The vigorous development of electric vehicles (EVs) can get rid of the environmental damage and dependence on petroleum resources caused by conventional petrol vehicles [1]. Without the guidance of basic policies or related regulations to guide the charging behavior of EV owners, the time and space required for charging EVs will be uncertain under the influence of seasonal and geographical factors [2]. Uncoordinated charging behavior can directly affect the magnitude of electric load fluctuations in local areas, increase the cost of power system operation [3], and reduce the utilization of fossil fuels.

The rapid development of wind and photovoltaic (PV) power generation on the supply side of the power system has become a common development trend worldwide. However, the energy supply side, whether wind or PV power generation technology, can be equally affected by seasonal and geographical factors, etc. Electricity supply has inherent characteristics, such as unstable supply, low energy density, and difficulty in accurate prediction. These uncertainties can put great pressure on the grid’s supply-side dispatching capabilities [4][5].

In the future, if we want to make the power system run smoothly and realize the steady transition of energy production methods from traditional thermal power generation to wind and PV power generation, we must solve the above two kinds of uncertainties. One is the uncertainty of the charging time on the electricity consumption side, and the other is the uncertainty of the power generation capacity on the generation side affected by environmental factors. In essence, it is to solve the mismatch between the supply and demand time of the two, which can improve energy utilization and reduce power storage and transportation costs [6].

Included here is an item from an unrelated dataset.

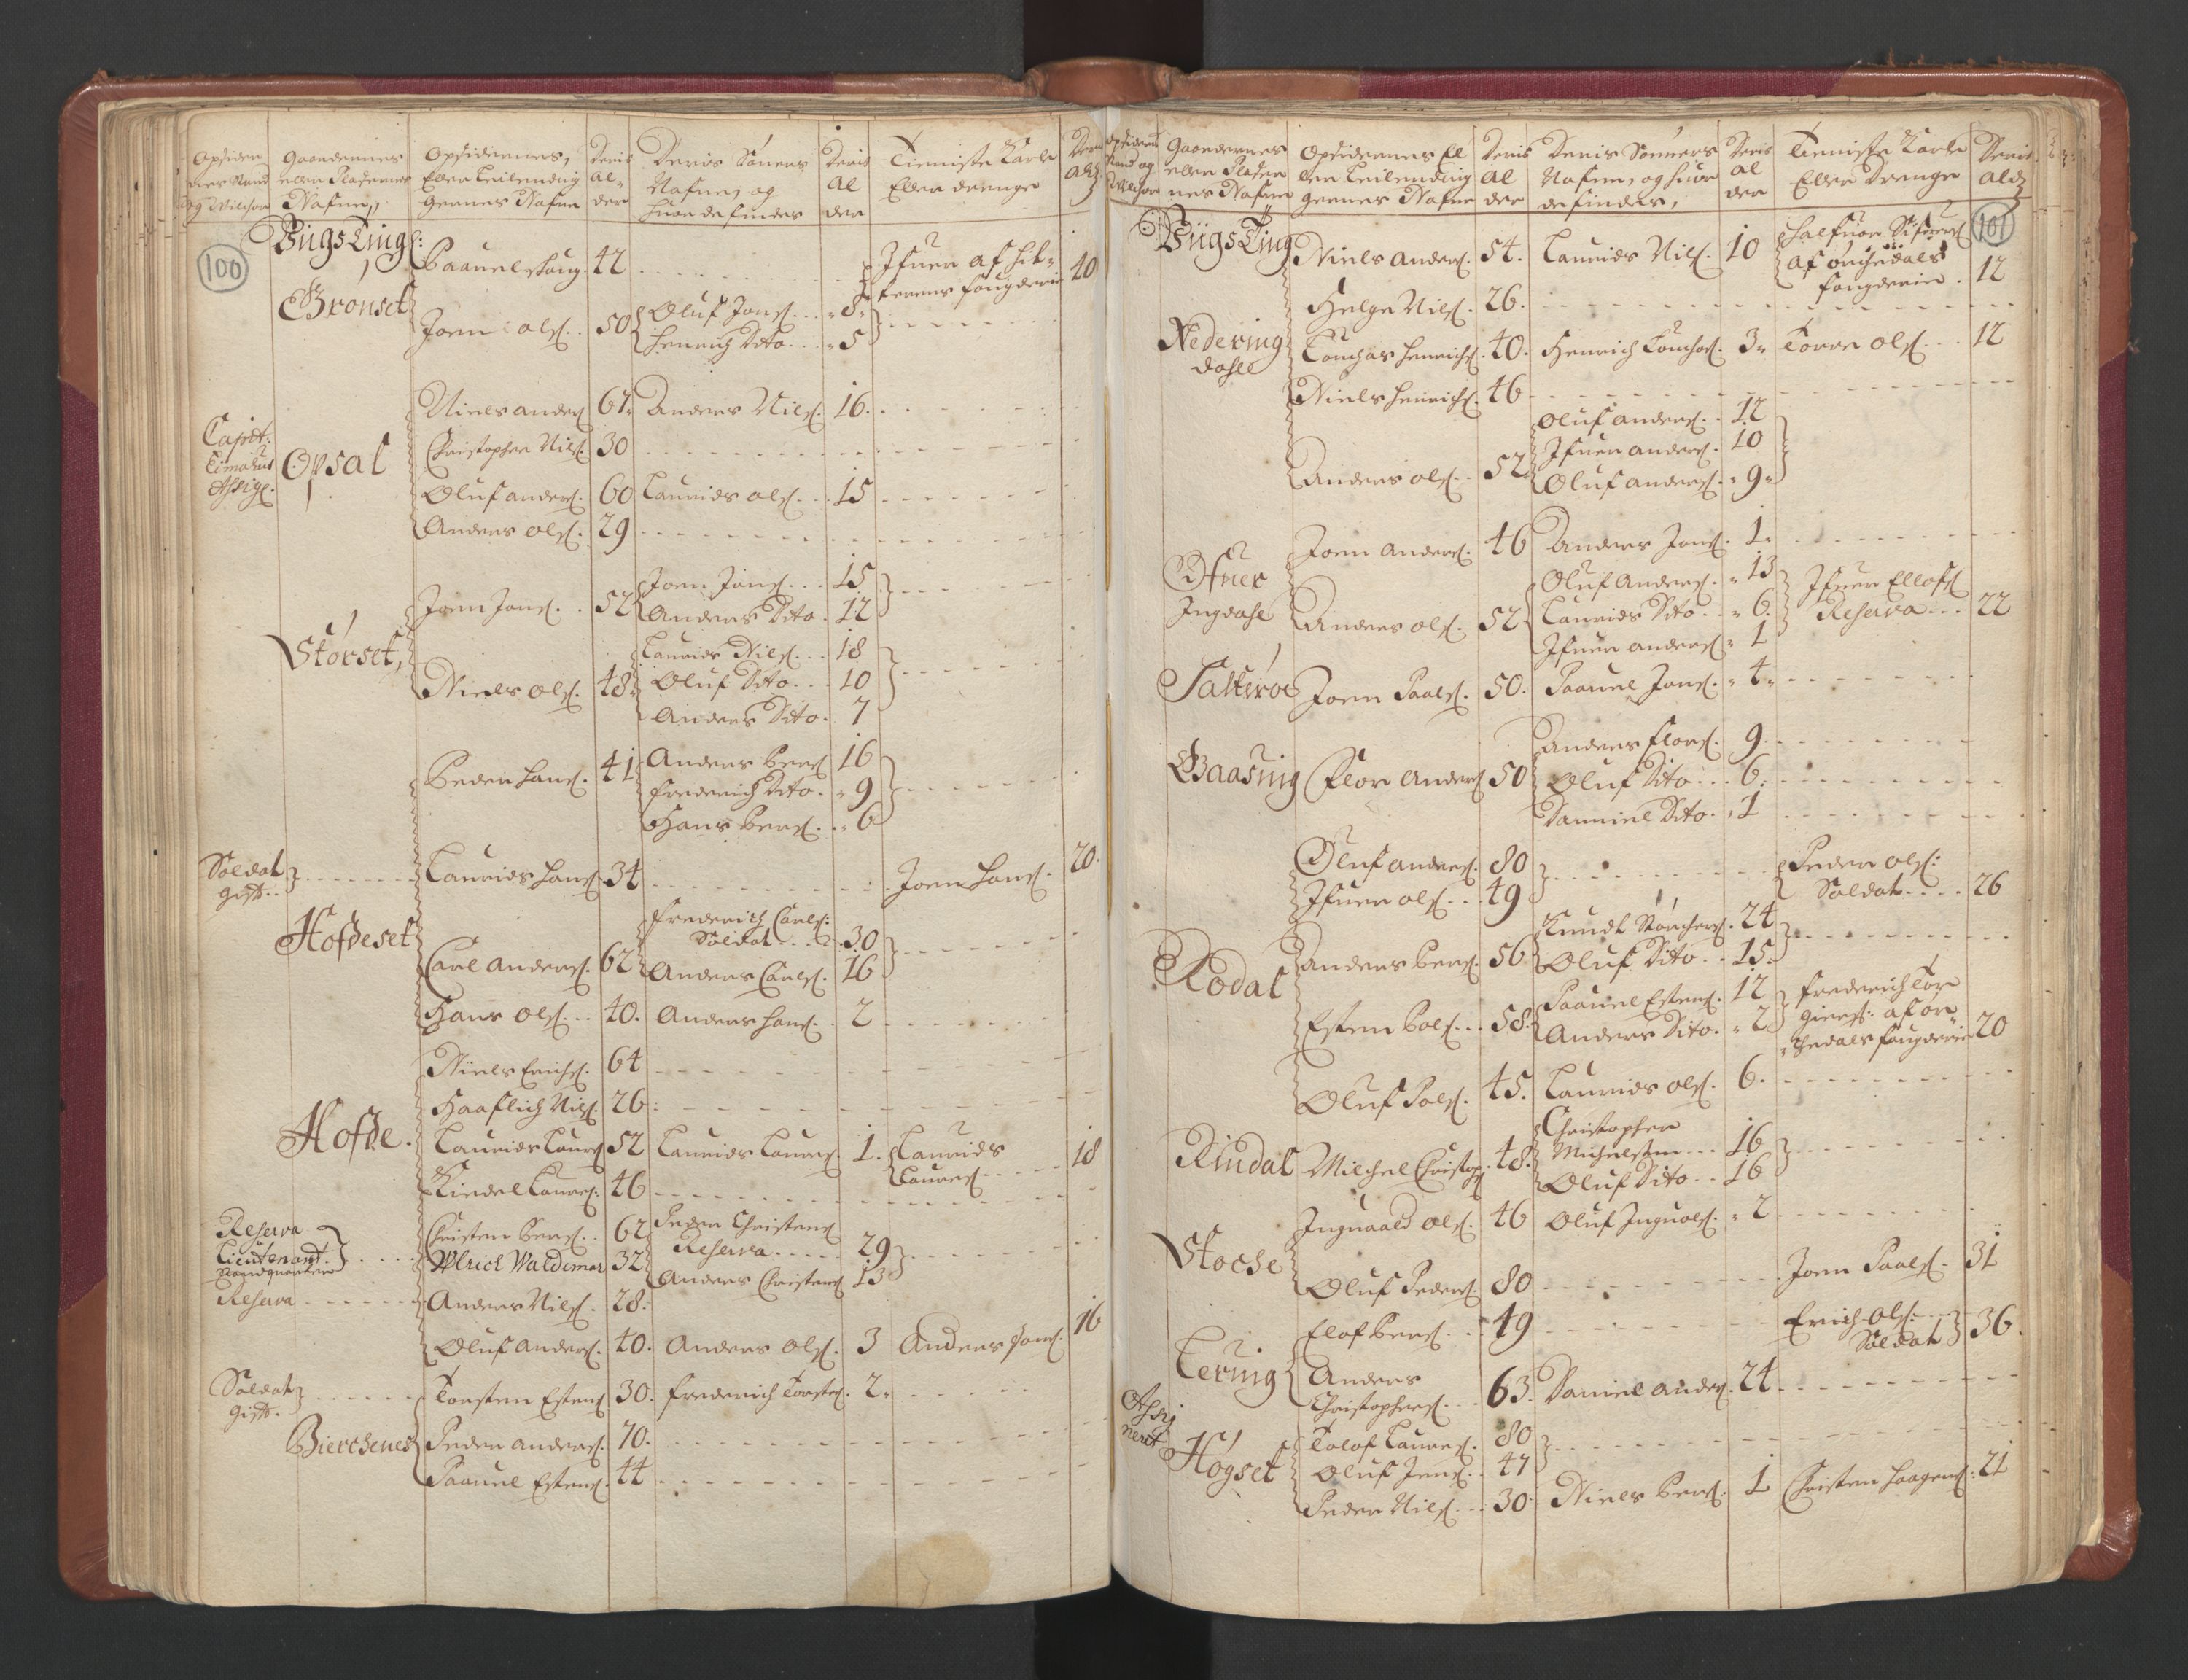 RA, Census (manntall) 1701, no. 11: Nordmøre fogderi and Romsdal fogderi, 1701, p. 100-101

Vehicle-to-grid (V2G) is the inevitable trend of low-carbon energy transition and the key to solving the above two problems. The current research focuses on unidirectional V2G, i.e., coordinated charging mode. Unidirectional scheduling of EVs’ charging to consume excess power can help the grid shave peaks and fill valleys, achieving a win-win situation.

The demand-side energy management strategies include pricing approaches [7]. Specifically, the aggregators or EV owners can shift their load according to the announced electricity price mechanism designed by the utility grid, and the total load curves can then be regulated accordingly [8][9]. The application of time-of-use (TOU) charging pricing to guide EV owners’ charging behavior in the world is mostly at the stage of static TOU prices [8][10]. In China, for example, most of the current urban residential electricity consumption is charged by sectional tiered prices. The industrial sector divides prices by seasons and fixed hours, dividing different periods of different seasons into peak hours, flat hours, and valley hours. However, it cannot respond quickly to the problem of load fluctuations in the power system due to the weather-related effects of renewable energy generation.

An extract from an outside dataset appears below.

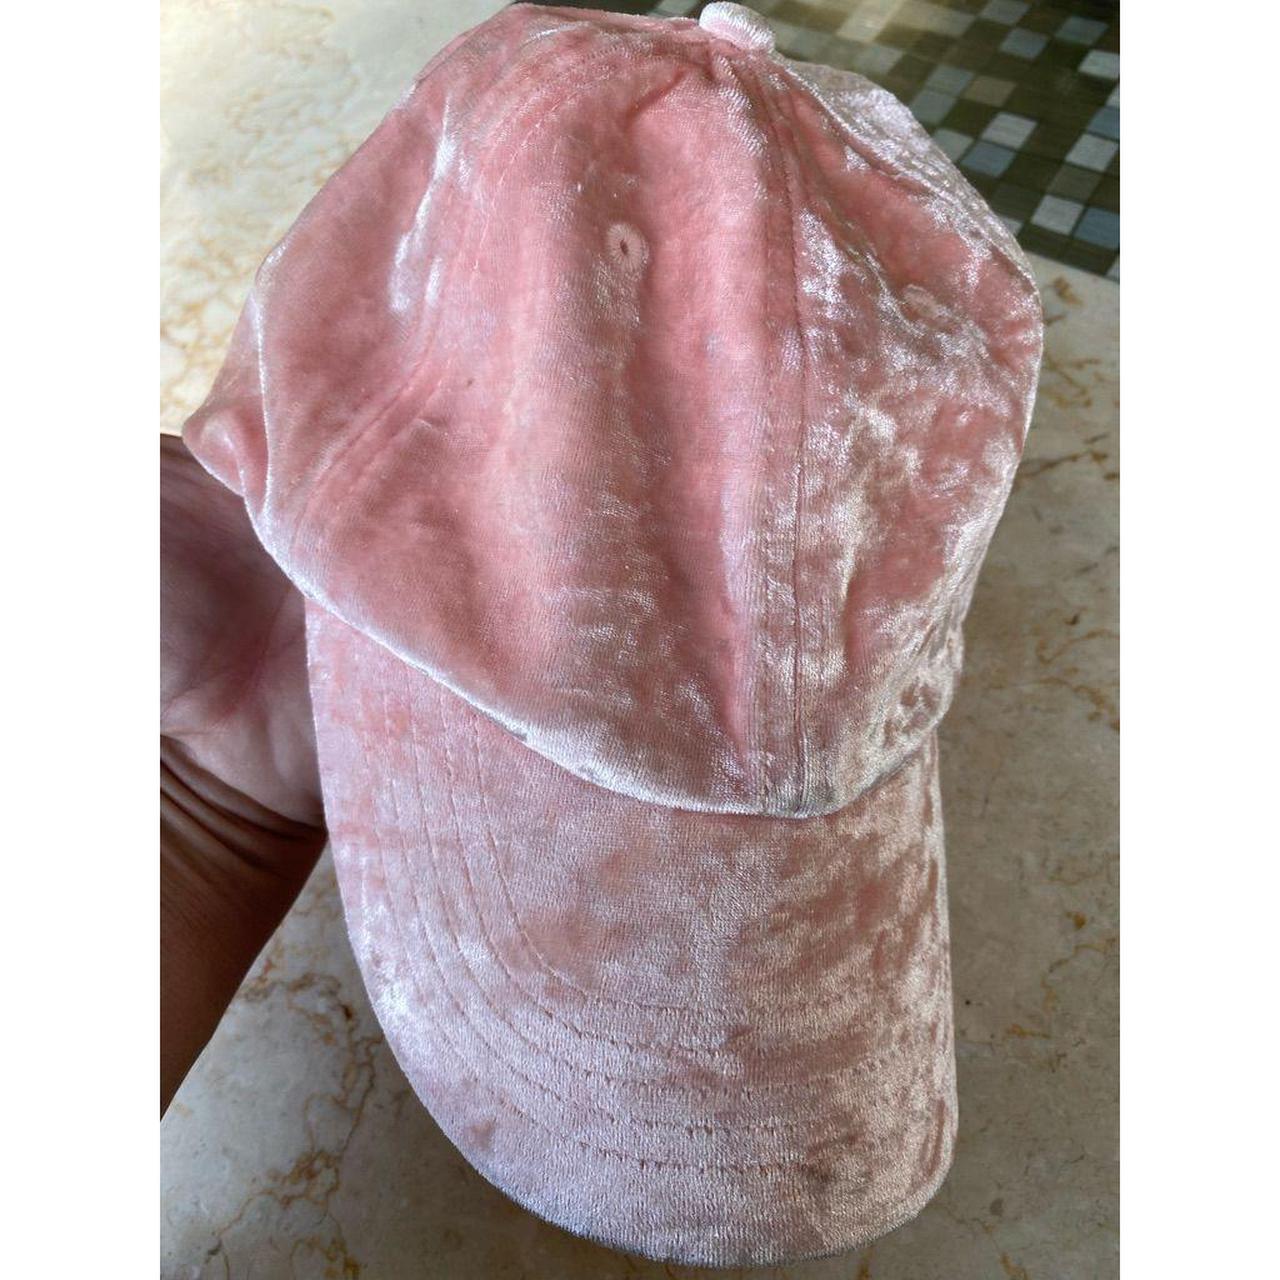 Product Image 2 - Pink velvet hat - lightly

To address the above issues, this study designed a mobile application for cell phones. This application was designed to match the fluctuating load curve of the renewable energy generation system by guiding the charging behavior of EV owners through real-time fluctuating price changes. This means that the renewable energy generation power signal is converted into a price signal in real-time to provide EV owners, guiding them to assist in peak and valley reduction of the power system.

The application connects the beginning of the data stream to the power plant, which outputs the electricity price every two hours based on the weather and the amount of electricity generated. It is published on the application platform as quickly as possible to achieve a real-time presentation of the electricity price for the users. At the same time, the power plant can also give a price forecast based on the forecast weather conditions of the coming week, allowing consumers to choose their future charging times. This format satisfies the new charging model of the electricity system.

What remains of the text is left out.